Я кивнула. Он был прав.
— Но я тебе одно скажу, — он постучал наконец пальцем по столу, один раз, коротко. — Я завтра утром сам на хозяйственный двор пойду. Замок осмотрю ещё раз. И с Ефремом Палычем поговорю — не как с завхозом. А как с человеком, у которого в сенях ключ лежал ту ночь.
— Спасибо.
— Не за что пока.
Я встала и пошла к двери. Он окликнул меня:
— Любовь.
— Да.
— Ты Ваньку своего побереги. Если ты права — а я пока не говорю, что ты права, — то Зинаида первая поймёт, откуда ветер. И мальчишке твоему достанется не от Пашки. От взрослых.
Я кивнула. Это я и сама знала.
***
Ночью я опять не спала. Лежала, слушала дом. Ванька дышал ровно, за стеной шуршала мышь, в огороде кричала перепёлка.

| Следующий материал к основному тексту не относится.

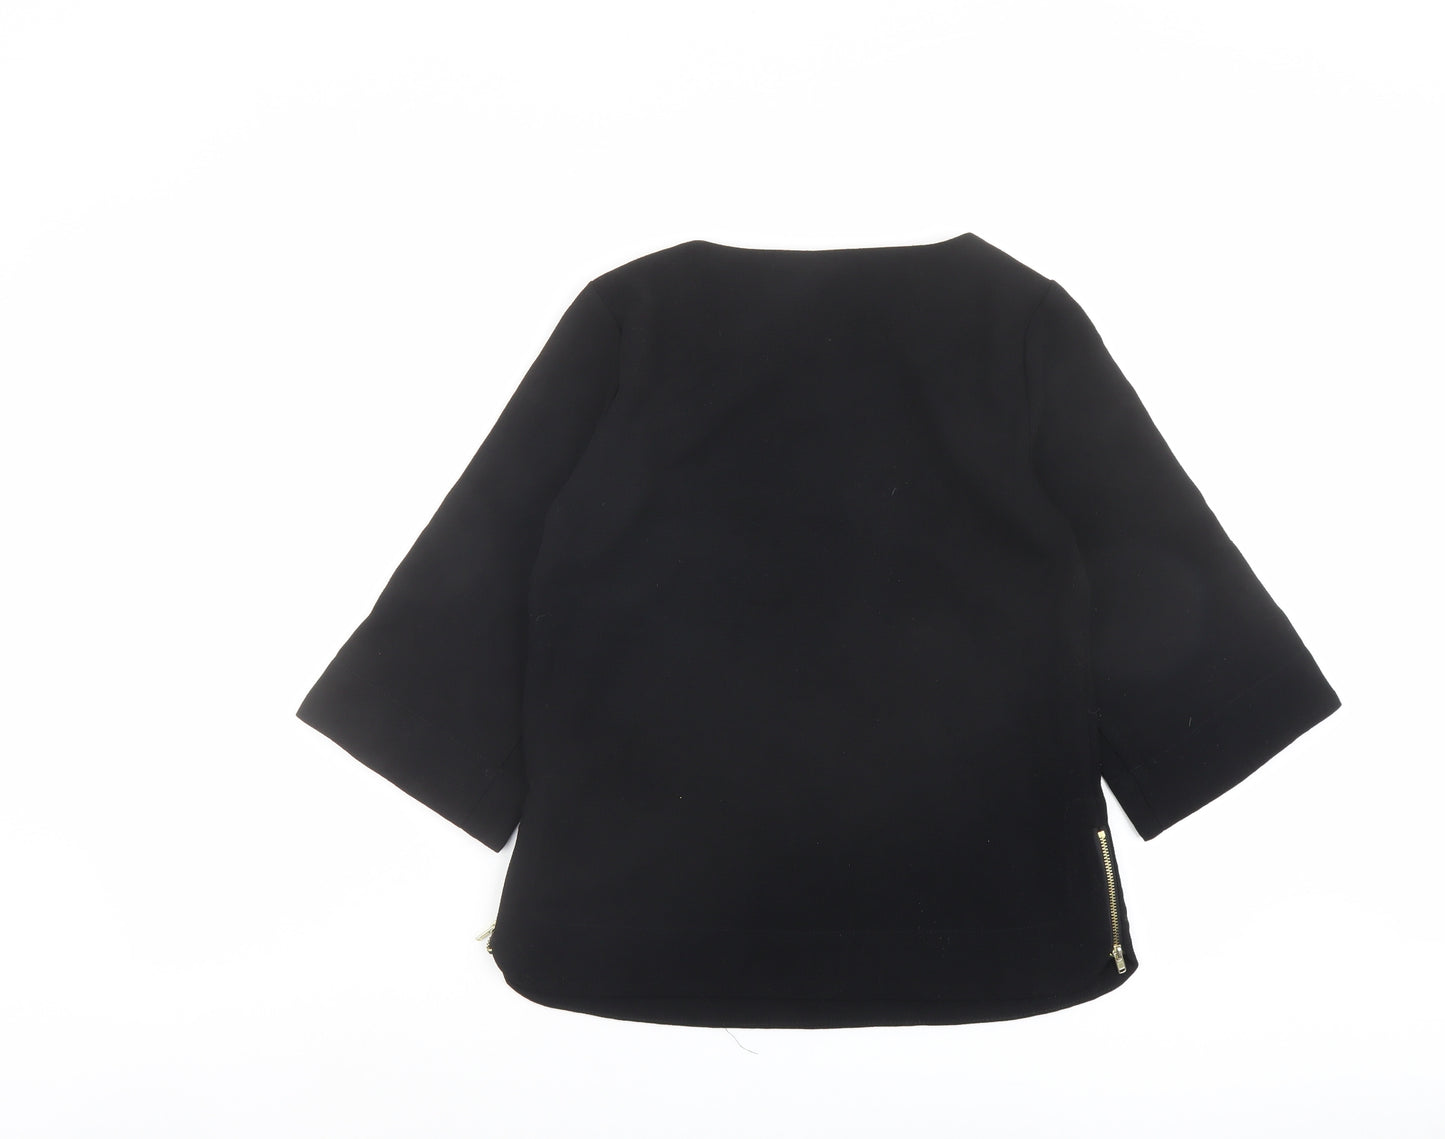 Warehouse Womens Black Polyester Basic Blouse Size 8 Round Neck

Было, наверное, часа два ночи, когда я услышала шаги. Не одного человека — двоих. Шли быстро, стараясь не шуметь, но земля была сухая, и ступни хрустели по ней отчётливо.
Шли от Зинаидиного двора. В сторону хозяйственного.
Я тихо встала, подошла к окну. Отодвинула занавеску. Тёмные фигуры, одна повыше, другая пониже, прошли мимо нашего забора и свернули за угол. Пониже — по походке, по размаху плеч — был подросток. Повыше — женщина в платке.
Они скрылись за углом сарая. Я стояла у окна, считая удары сердца. Прошло минут пять. Потом семь. Потом фигуры вернулись — уже быстрее, почти бегом. Женщина несла что-то длинное, завёрнутое в тряпку. Подросток шёл рядом, засунув руки в карманы.
Они скрылись во дворе Зинаиды. Калитка скрипнула и затихла.
Я стояла у окна ещё долго. Потом легла и лежала до рассвета с открытыми глазами.
«Увезут. Сдадут как новый. Никто не хватится заново.»
Нет, подумала я. Не увезут. Вернут. Вернут обратно в сарай, чтобы утром замок был на месте, топор на месте. Удобно. Чисто.
***
Утром Ванька нашёл меня у печи. Я уже развела огонь, поставила чугунок, нарезала хлеба.
— Мам, ты чего такая?
— Какая такая?
— Белая.
Я посмотрела на него. Он стоял в дверях, босой, в рубахе, и щурился от света.
— Ваня. Сегодня ты из дому не выходишь. Совсем. До вечера.
Он открыл рот, чтобы спорить.
— Ваня. Не спорь. Не сегодня.
Он посмотрел мне в лицо — и, видно, увидел что-то, чего раньше не видел. Закрыл рот. Кивнул.
— Ладно.
Я накормила его, убрала со стола. Потом надела чистый платок и вышла. Было ещё рано — солнце только-только выбралось из-за крыш. На улице не было ни души.
Я пошла к конторе.
Степан Матвеич был уже там. Стоял на крыльце, пыхтел — не жадно, а медленно, будто тянул время перед чем-то. Увидев меня, затушил папиросу о перила и не выбросил — зажал в пальцах.
— Рано ты.
— Степан Матвеич. Сегодня ночью кто-то ходил к хозяйственному двору.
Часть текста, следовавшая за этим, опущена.